Dari sekitar 99 persen suara masuk yang sudah dihitung, Recep Tayyip Erdogan meraih 52,5 persen, disusul Muharrem Ince 30,7 persen. Empat kandidat lainnya hanya meraih suara di bawah 10 persen. Lebih dari 87 persen pemilik hak suara dari sekitar 56 juta pemilih ikut mencoblos pada pemilu presiden dan parlemen yang baru pertama kali digelar pada hari yang sama, Minggu (24/6/18).

Kantor berita Turki, Anadolu, menyebutkan, AKP meraih 293 dari 600 kursi parlemen. Namun, jika ditambah dengan raihan Partai Gerakan Nasionalis (MHP) yang meraih 50 kursi dan berkoalisi dengan AKP, total kekuatan Erdogan di parlemen mencapai 343 kursi.

Di depan pendukungnya, Senin malam, Erdogan menyatakan kemenangannya. Dalam pidatonya, Erdogan menegaskan akan terus memerangi kelompok teroris dan memastikan Suriah dalam keadaan aman serta meningkatkan prestise Turki di dunia internasional. "Kami tidak punya waktu untuk dibuang percuma dan seluruh rakyat tahu akan hal itu," katanya di kantor pusat partai AKP, di Ankara, Minggu malam.

Rival utama Erdogan, Muharrem Ince, hanya sedikit mengkritik Erdogan.
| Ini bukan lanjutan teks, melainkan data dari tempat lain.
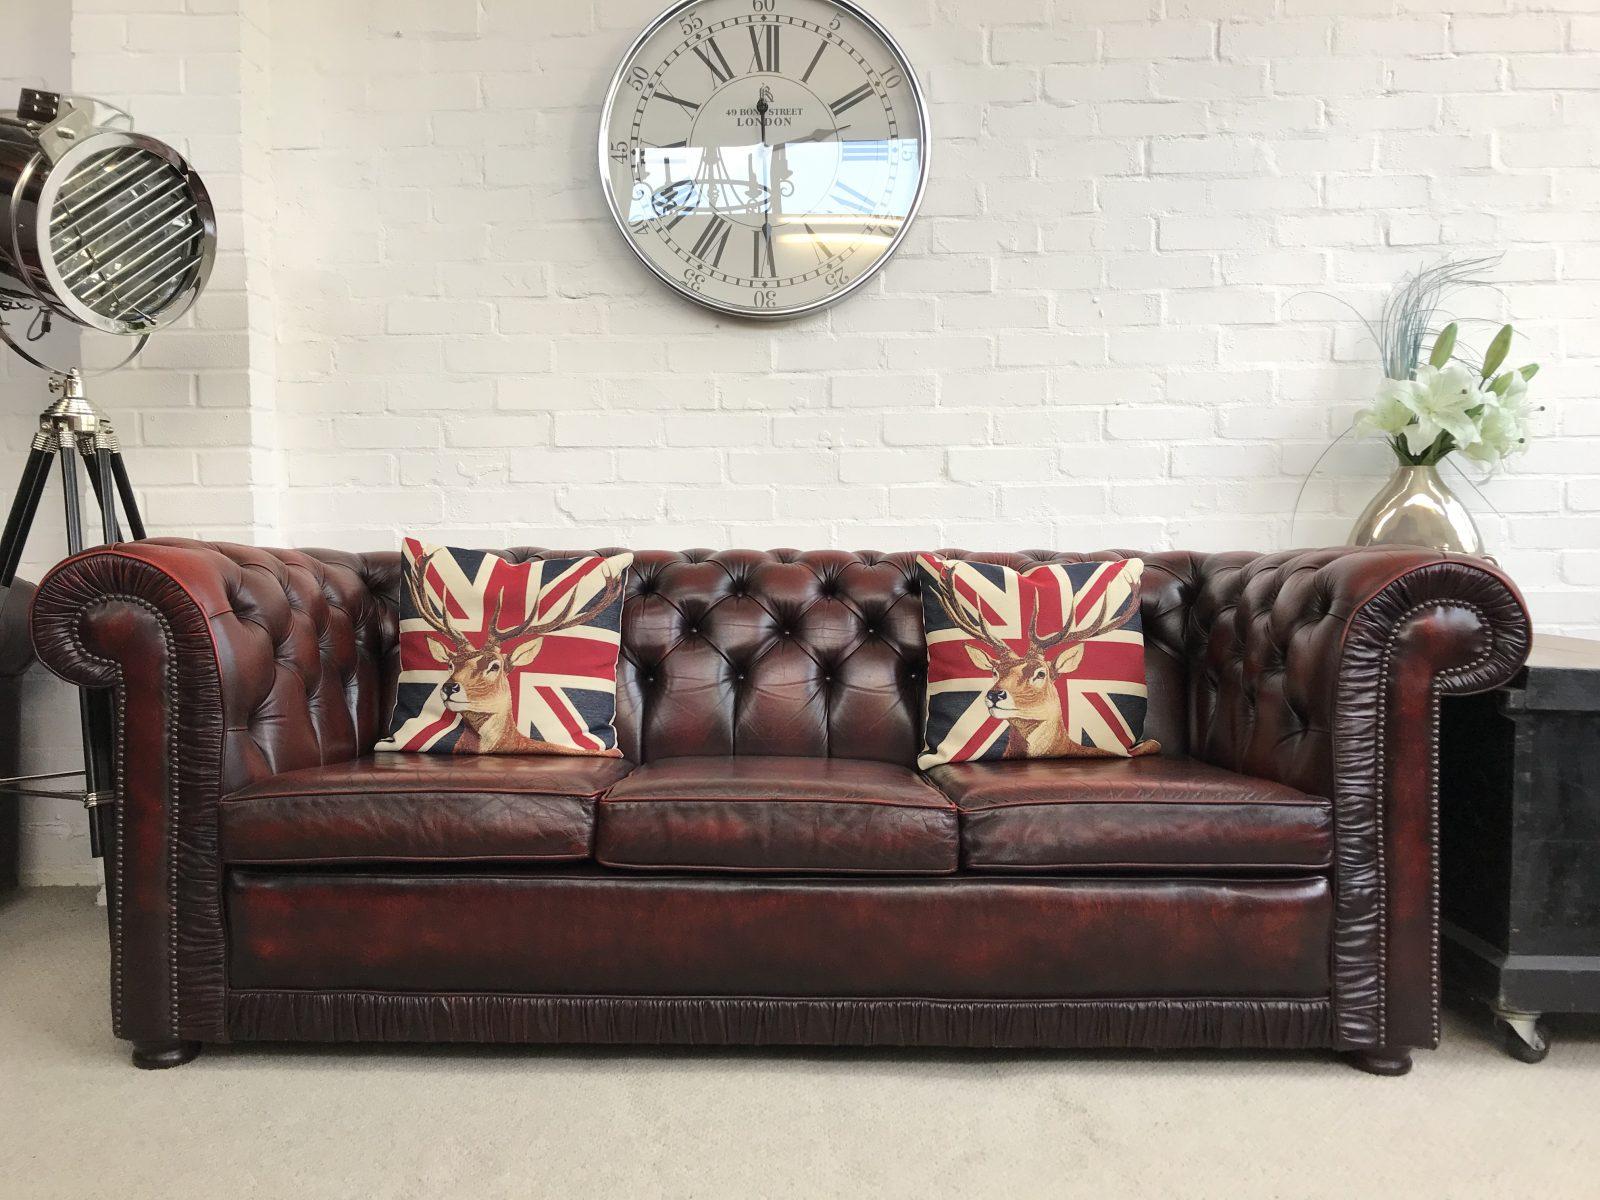 Stunning Vintage Chesterfield Sofa.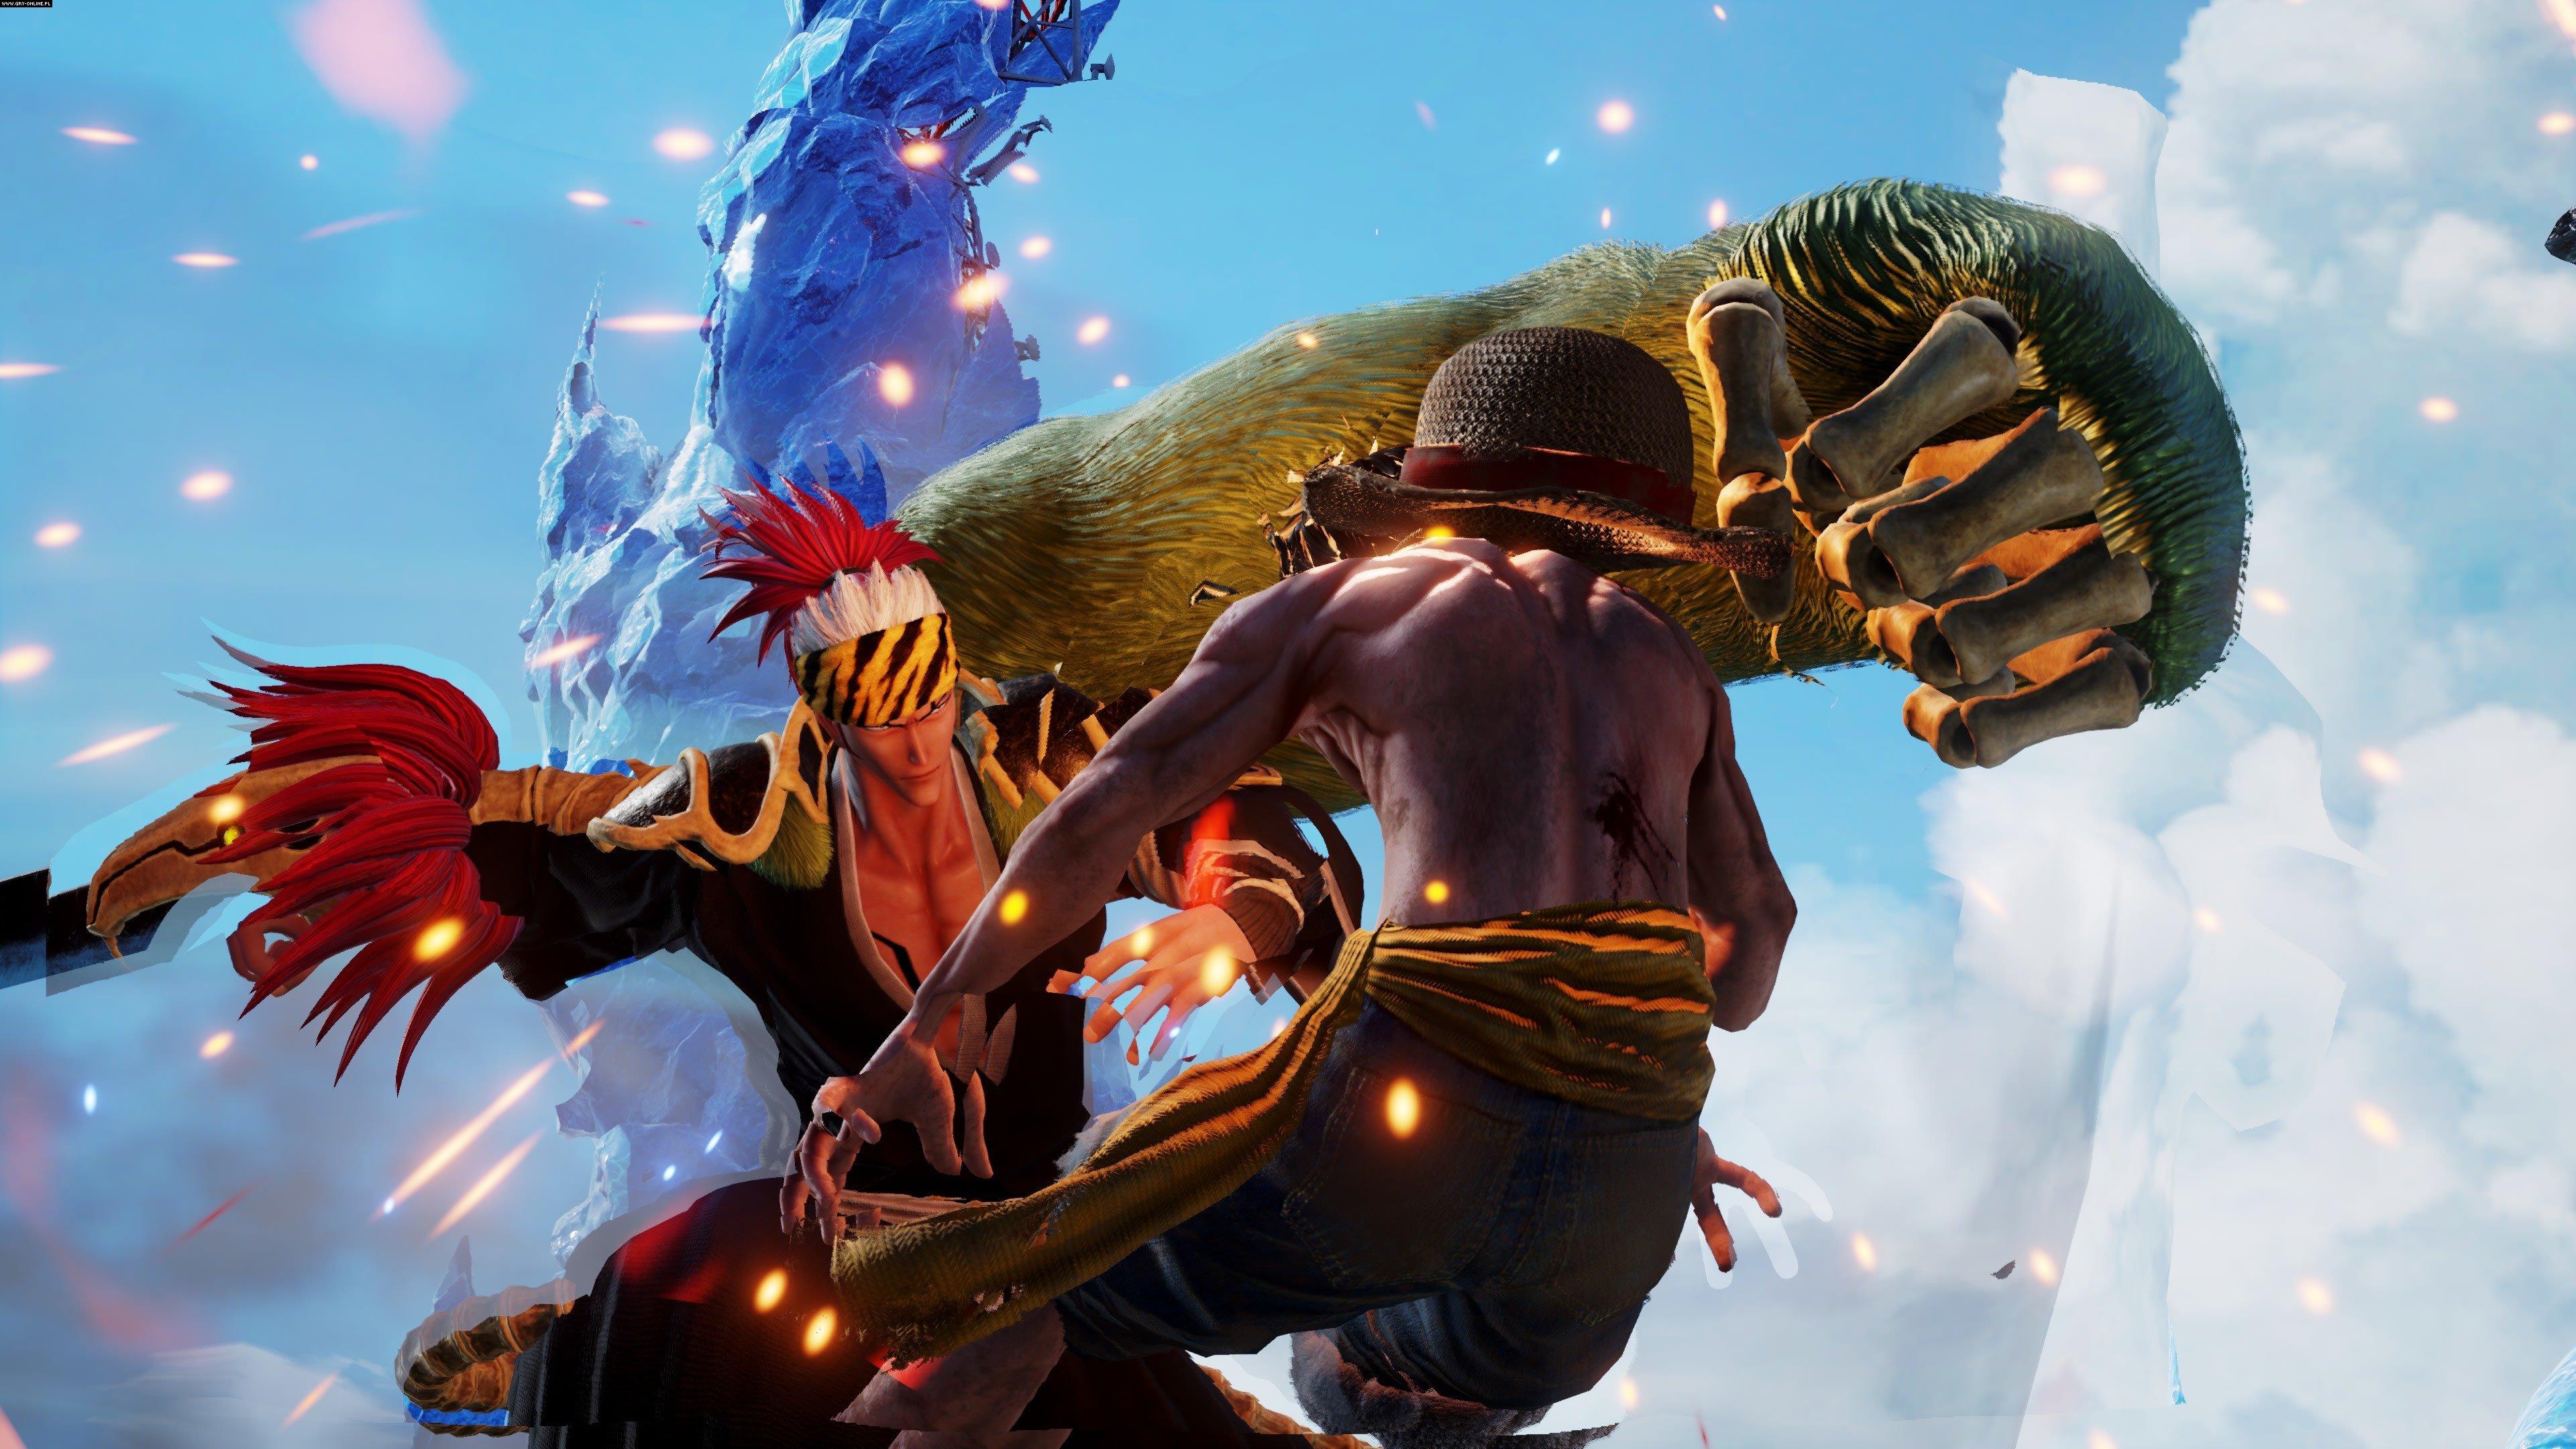 Jump Force PC, PS4, XONE Games Image 66/212, Spike Chunsoft, Bandai Namco Entertainment

Ketua Partai Rakyat Republik (CHP) itu menyatakan menerima hasil penghitungan tersebut. Namun, kepada Erdogan, Ince berpesan, "Anda adalah presiden dari kami semua."

Pengumuman Erdogan itu sedikit menaikkan nilai tukar uang Turki, lira, terhadap mata uang asing dari 4,70 lira menjadi 4,60 lira per dollar AS. Lira selama 2018 mengalami penurunan kurs sekitar 20 persen terhadap dollar AS. Namun, penguatan ini juga didukung oleh tindakan yang akan diambil Bank Sentral Turki (CBRT). Pengamat ekonomi menilai peningkatan suku bunga oleh CBRT tak akan banyak berpengaruh karena inflasi yang tinggi 12,2 persen dan defisit transaksi berjalan sekitar 6,5 persen.

Sedikitnya ada tiga faktor kemenangan Erdogan pada pemilu presiden yang pertama di Turki ini, yakni percepatan pemilu, kudeta tahun 2016, dan gempuran terhadap kelompok Kurdi yang dianggap terus mengganggu keamanan dalam negeri Turki. Gempuran terhadap Kurdi, baik di dalam negeri maupun di Suriah, telah ikut membangkitkan rasa nasionalisme dan karena itu Erdogan mendapat dukungan mayoritas.

Awalnya, pemilu presiden dijadwalkan November 2019, tetapi maju ke 24 Juni 2018. Percepatan ini dilakukan agar saat pemilu digelar kondisi ekonomi Turki tidak terlalu buruk dan partai oposisi tidak terlalu siap. Kudeta yang dituduhkan kepada Fethullah Gulen juga membuat Erdogan lebih populer.